Yargıtay 11.Hukuk Dairesinin yerleşmiş uygulaması da bu yöndedir. Dairenin 11.10.2012 tarih 2011/6415 E.–2012/6394 K., 24.01.2013 tarih 2012/973 E.–2013/345 K., 20.11.2013 tarih 2013/2895 E–2013/6110 K., 11.03.2014 tarih 2013/3454 E–2014/1693 K. sayılı kararlarında da aynı ilke benimsenerek para borçlarında ifa yerine ilişkin kuralın, konusu alacaklının, borçluya verdiği bir miktar paranın iadesi talebini içeren karz sözleşmesinden doğan borçlarla sınırlı olduğu kabul edilmiştir. (YHGK 19.03.2014 gün ve 2013/11-630 E. 2014/332 K./Karşı Oy)

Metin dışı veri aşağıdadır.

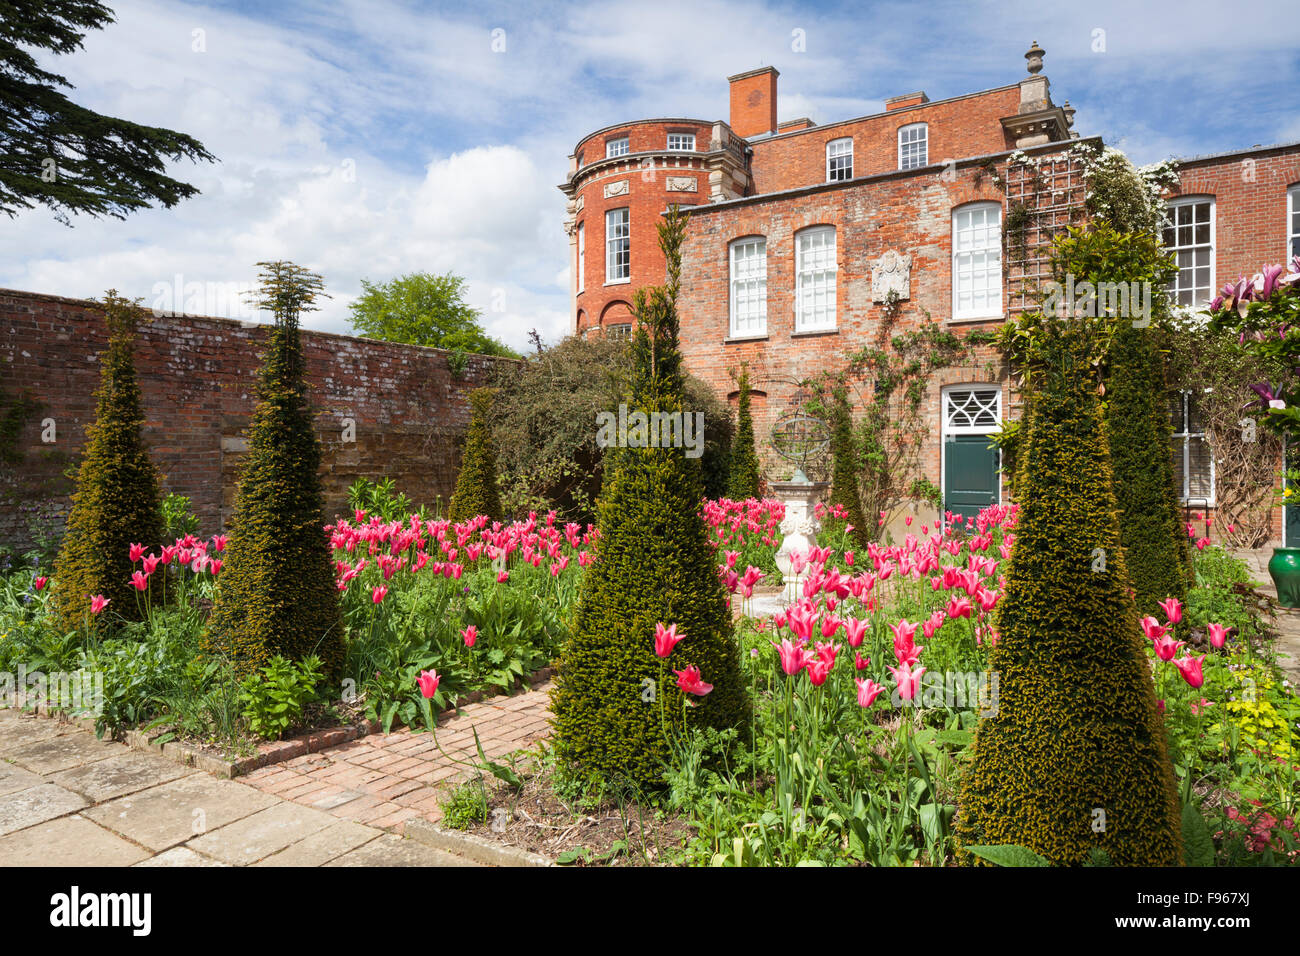 Le jardin hollandais avec des flèches et des topiaires Chine tulipe Rose est un design contemporain par Angela Collins, Cottesbrooke Hall, le Northamptonshire, Angleterre Banque D'Images
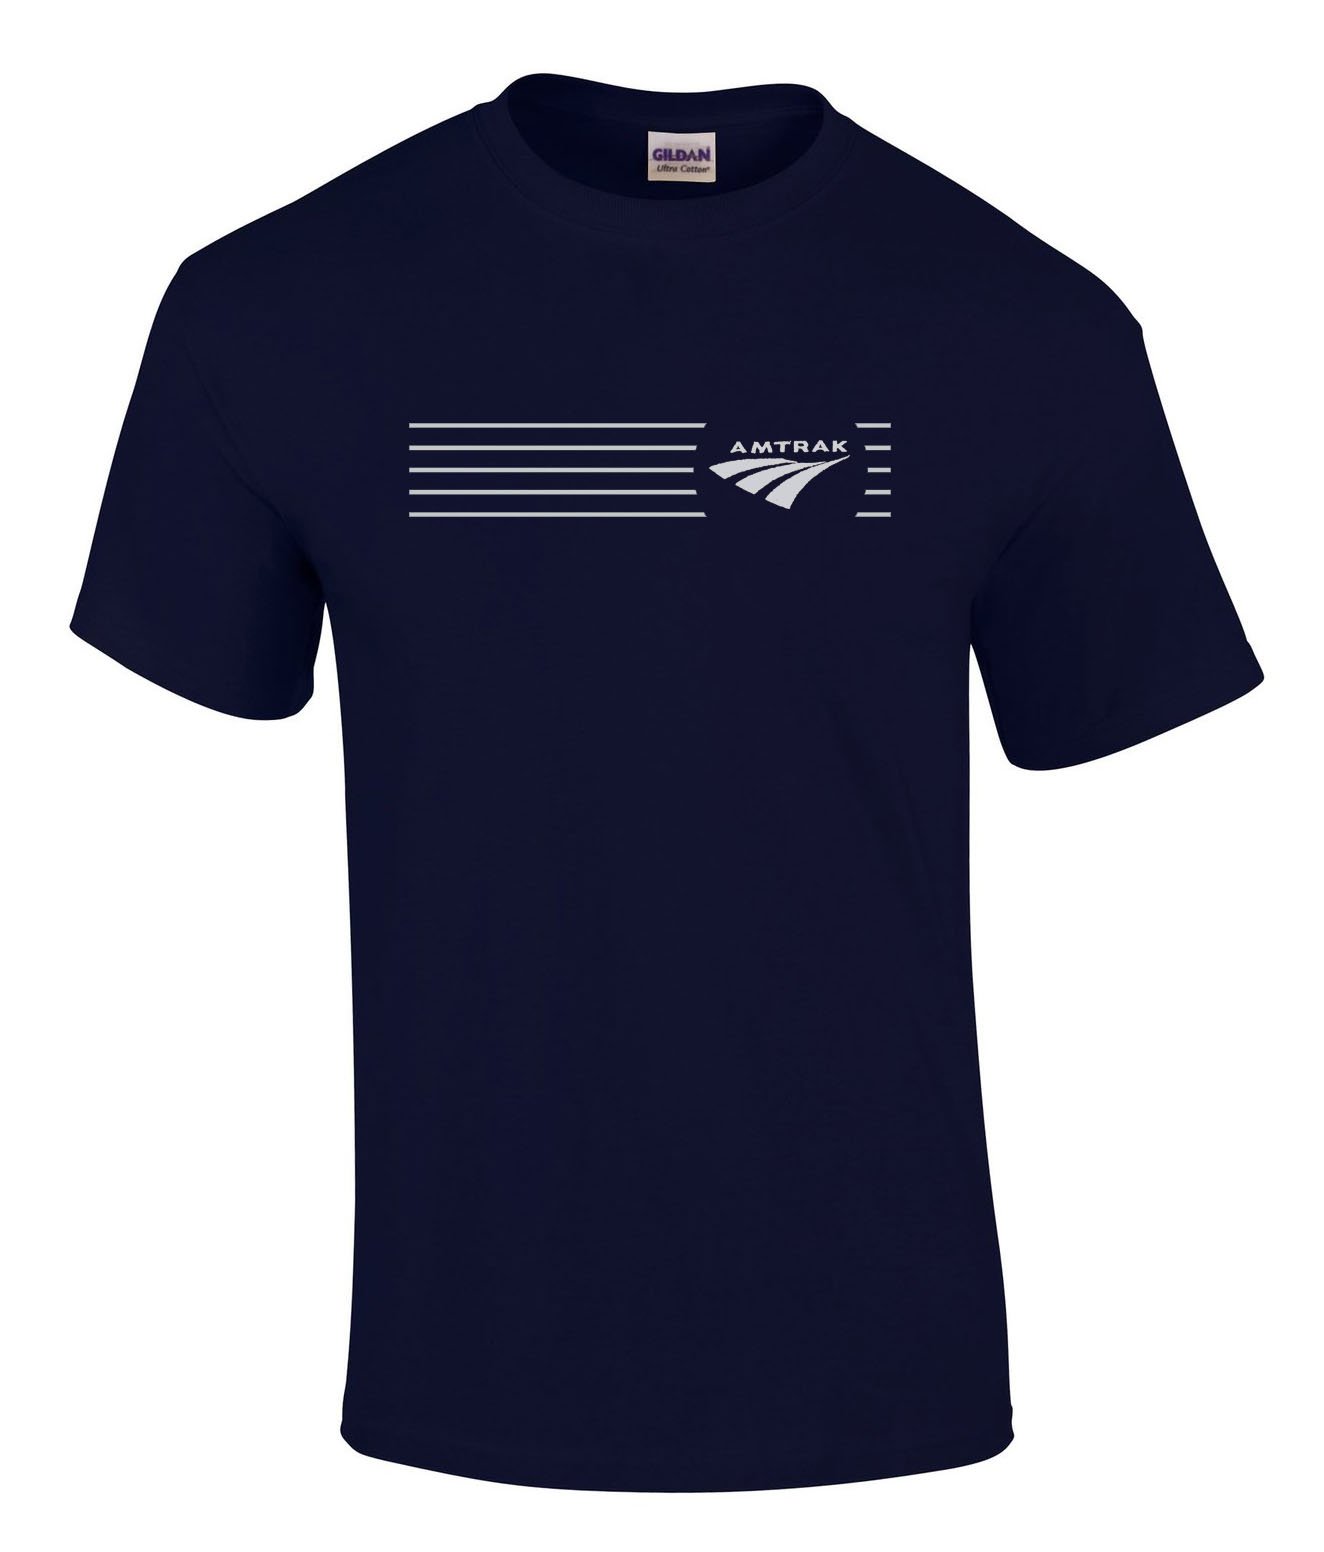 Daylight Sales Amtrak Travelmark Railroad Logo Tee Shirts [tee252]
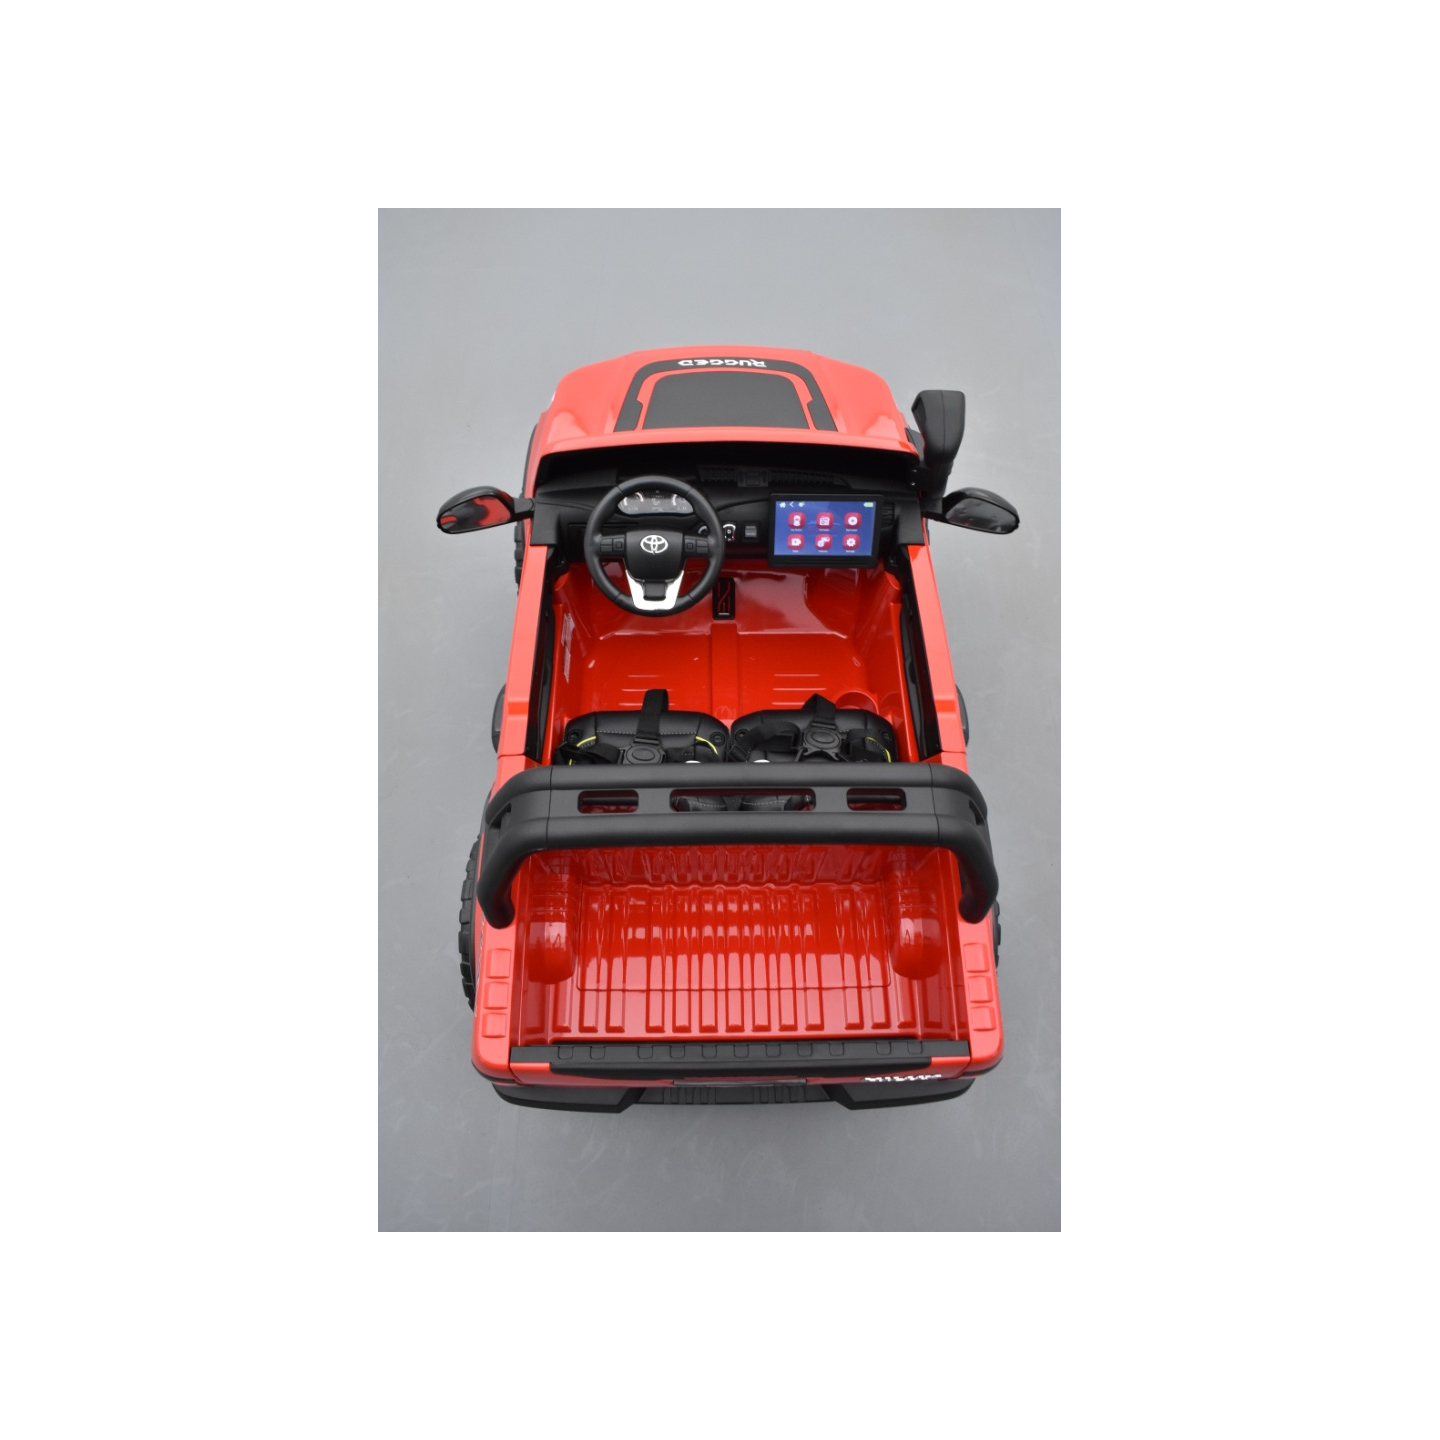 Toyota Hilux rouge 24 Volts électrique pour enfant écran mp4, 4x4 électrique enfant 2 places

Somut olaydaki uyuşmazlık karz aktinden kaynaklanan bir uyuşmazlık olmayıp, Köprü ve Otoyol Geçiş İhlalinden kaynaklanan alacağa ilişkin bulunduğundan ve davalı vekilinin dosyaya sunduğu vekaletnameye göre davalının muamele merkezinin bulunduğu yerin Ankara olması nedeniyle, davalının takibe itiraz dilekçesinde doğru şekilde bildirdiği Ankara icra daireleri takip konusunda yetkilidir.
Nitekim İstanbul BAM 17 HD’nin 2017/1241 E 2017/1939 K, 2017/1711 E 2017/1375 K sayılı içtihatları da aynı yöndedir.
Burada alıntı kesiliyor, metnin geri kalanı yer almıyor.